Omit all images, then repeat exactly the lines below from the one containing "Guide to the" through the one containing "Jobs with No", both ends included.

*Records provided*:
↓
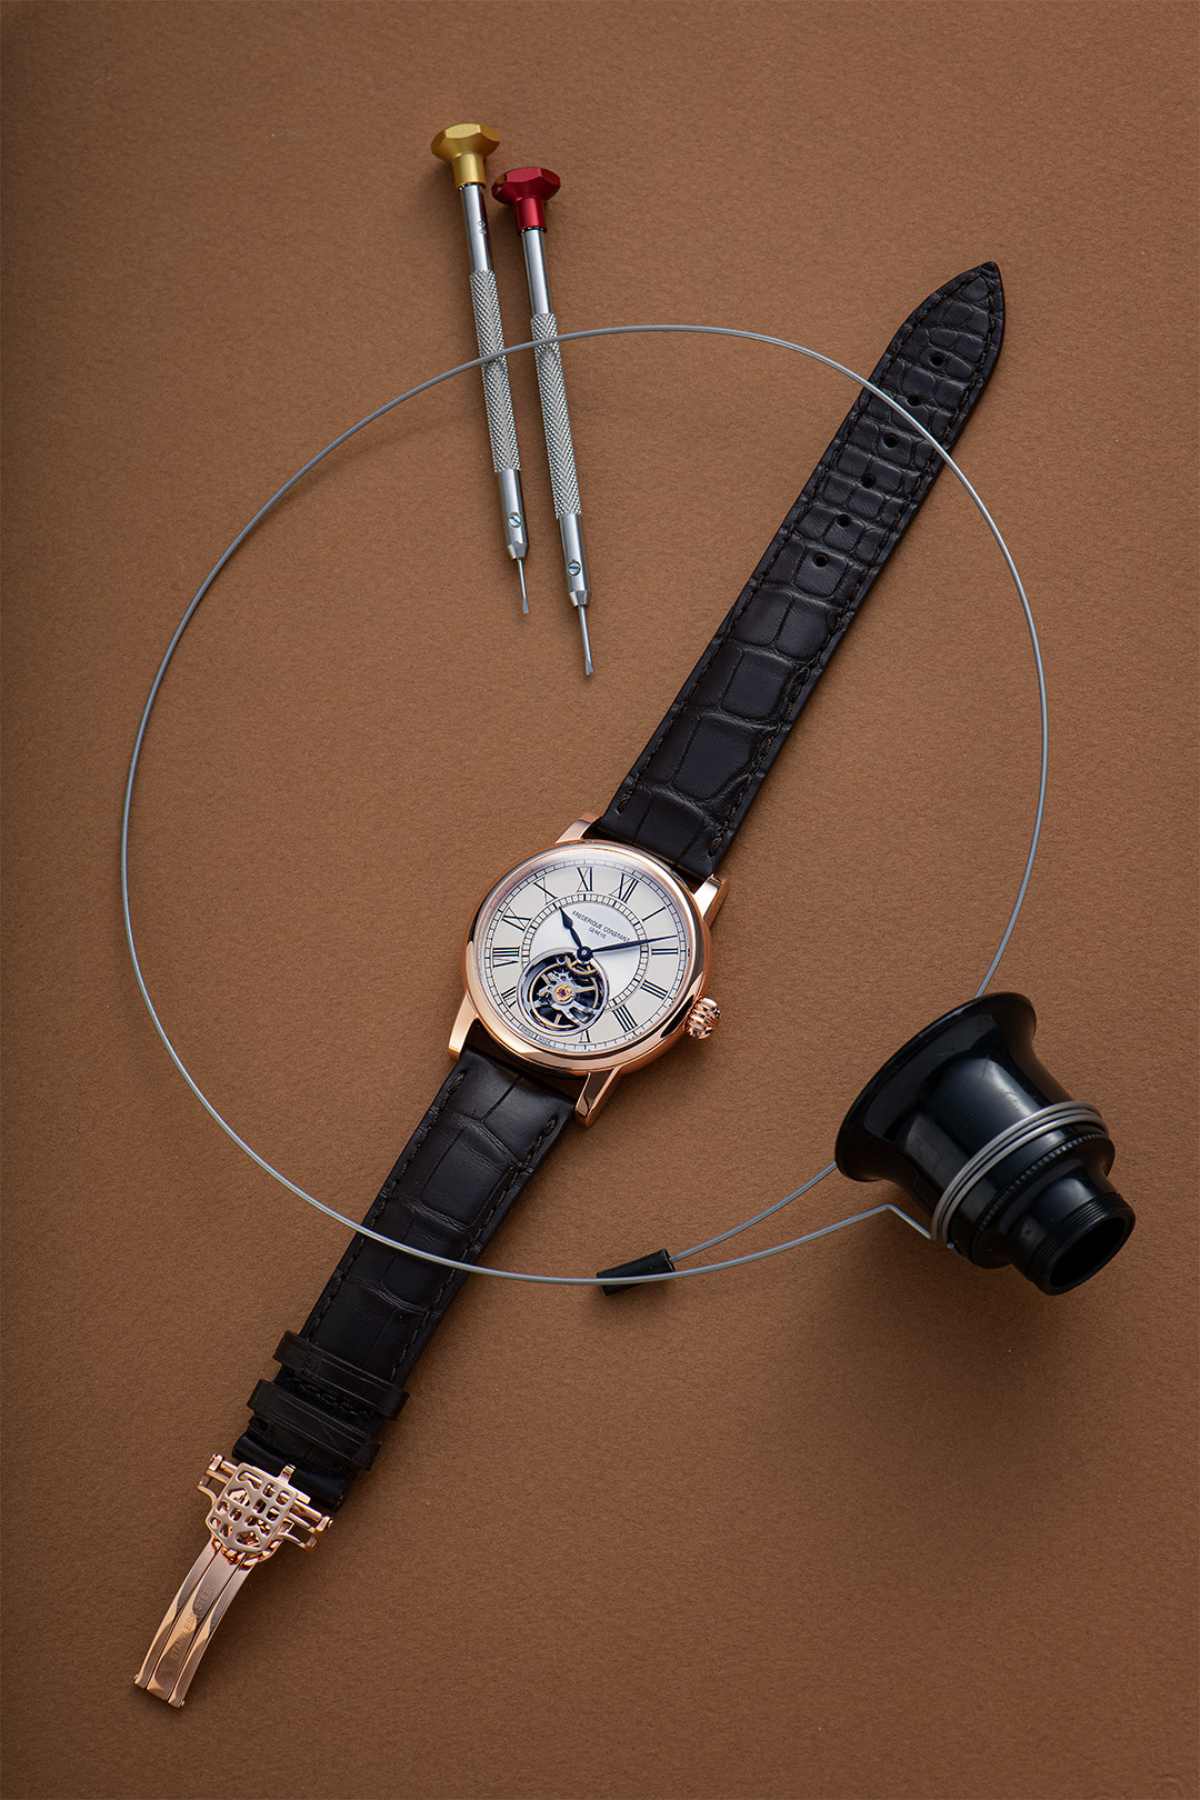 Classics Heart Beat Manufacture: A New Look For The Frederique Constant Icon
↑
↓
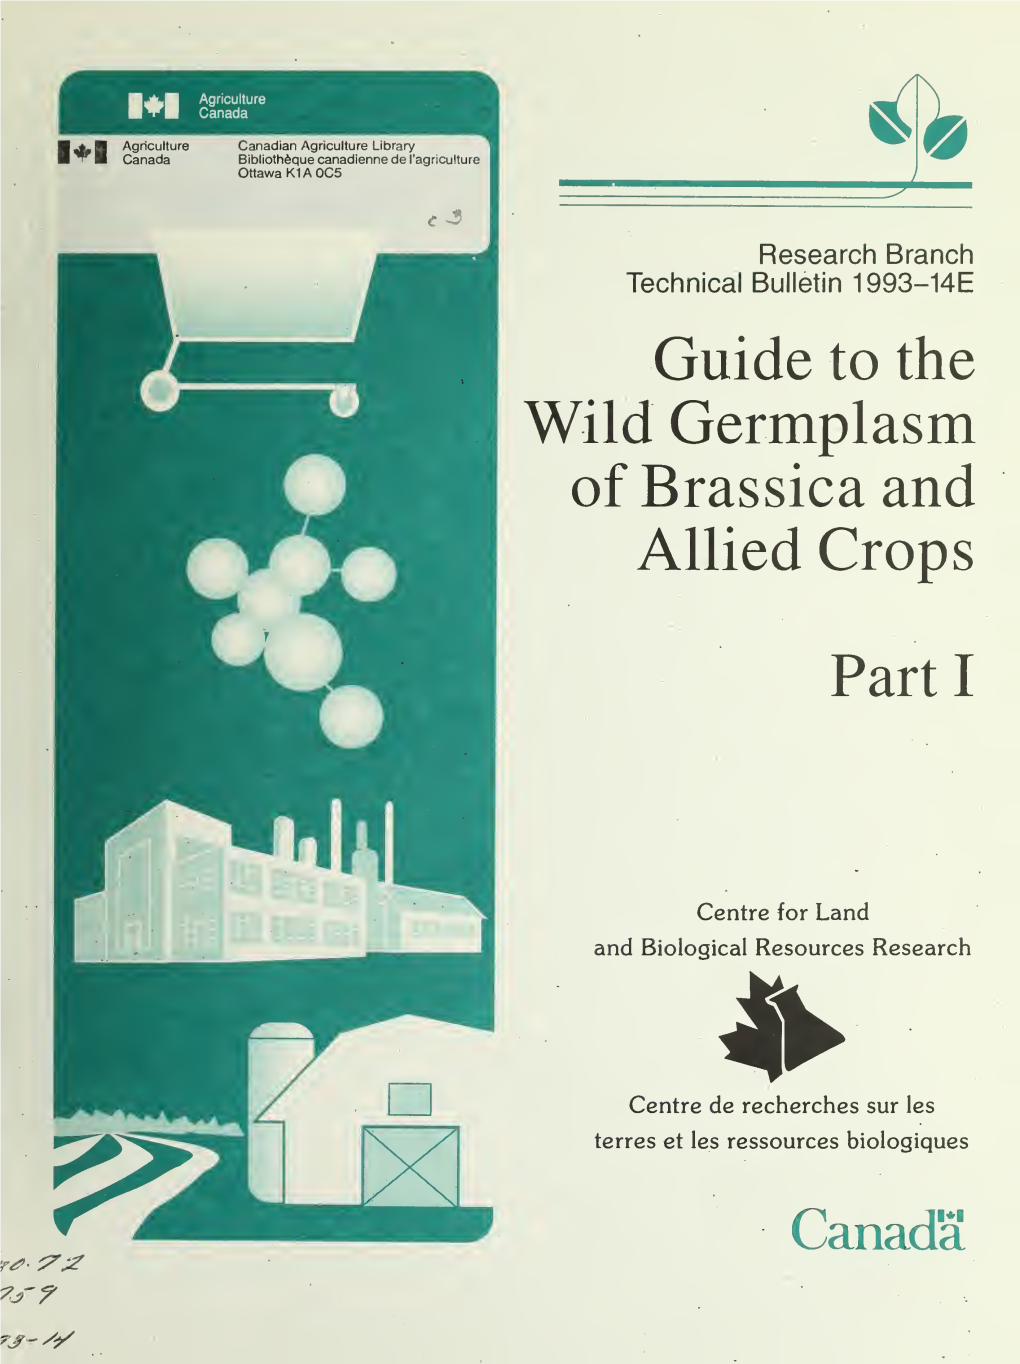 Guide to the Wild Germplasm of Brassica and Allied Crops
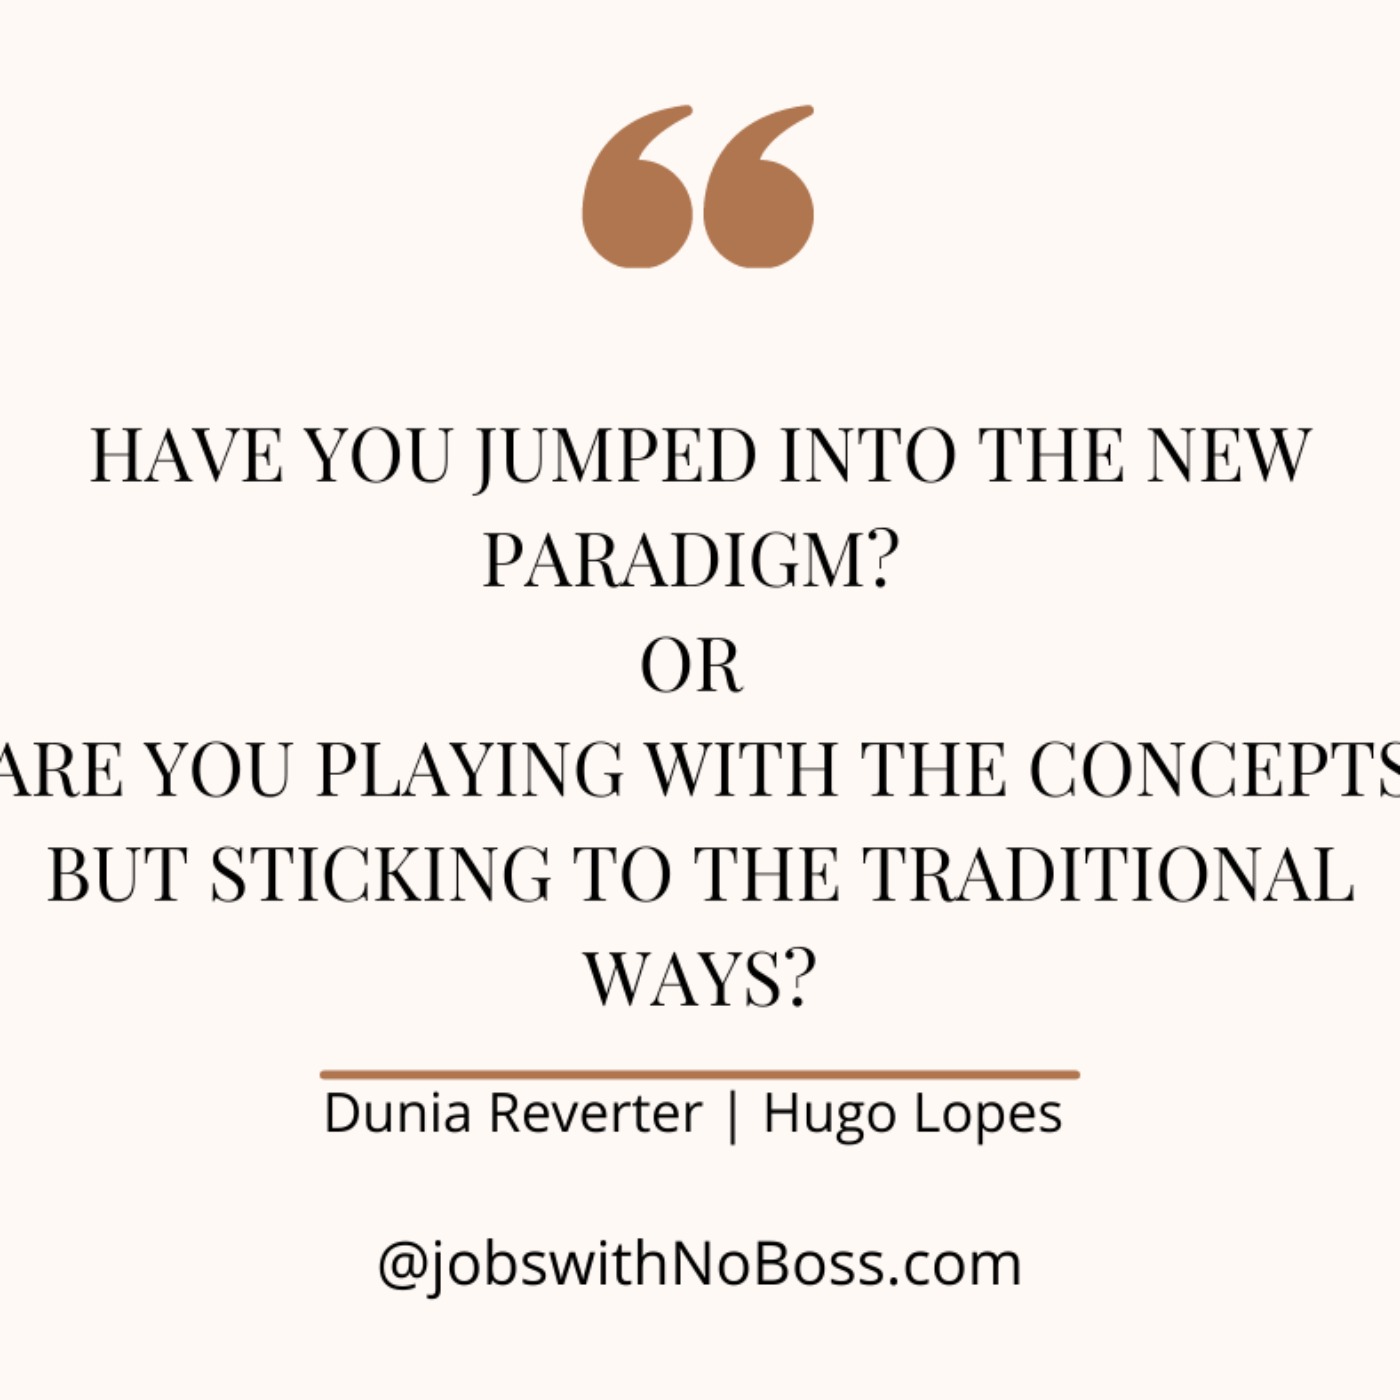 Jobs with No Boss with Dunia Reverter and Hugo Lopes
↑
↓
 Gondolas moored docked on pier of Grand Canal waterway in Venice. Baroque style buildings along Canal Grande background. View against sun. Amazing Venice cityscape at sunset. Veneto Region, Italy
↑
*Task result*:
 Guide to the Wild Germplasm of Brassica and Allied Crops
 Jobs with No Boss with Dunia Reverter and Hugo Lopes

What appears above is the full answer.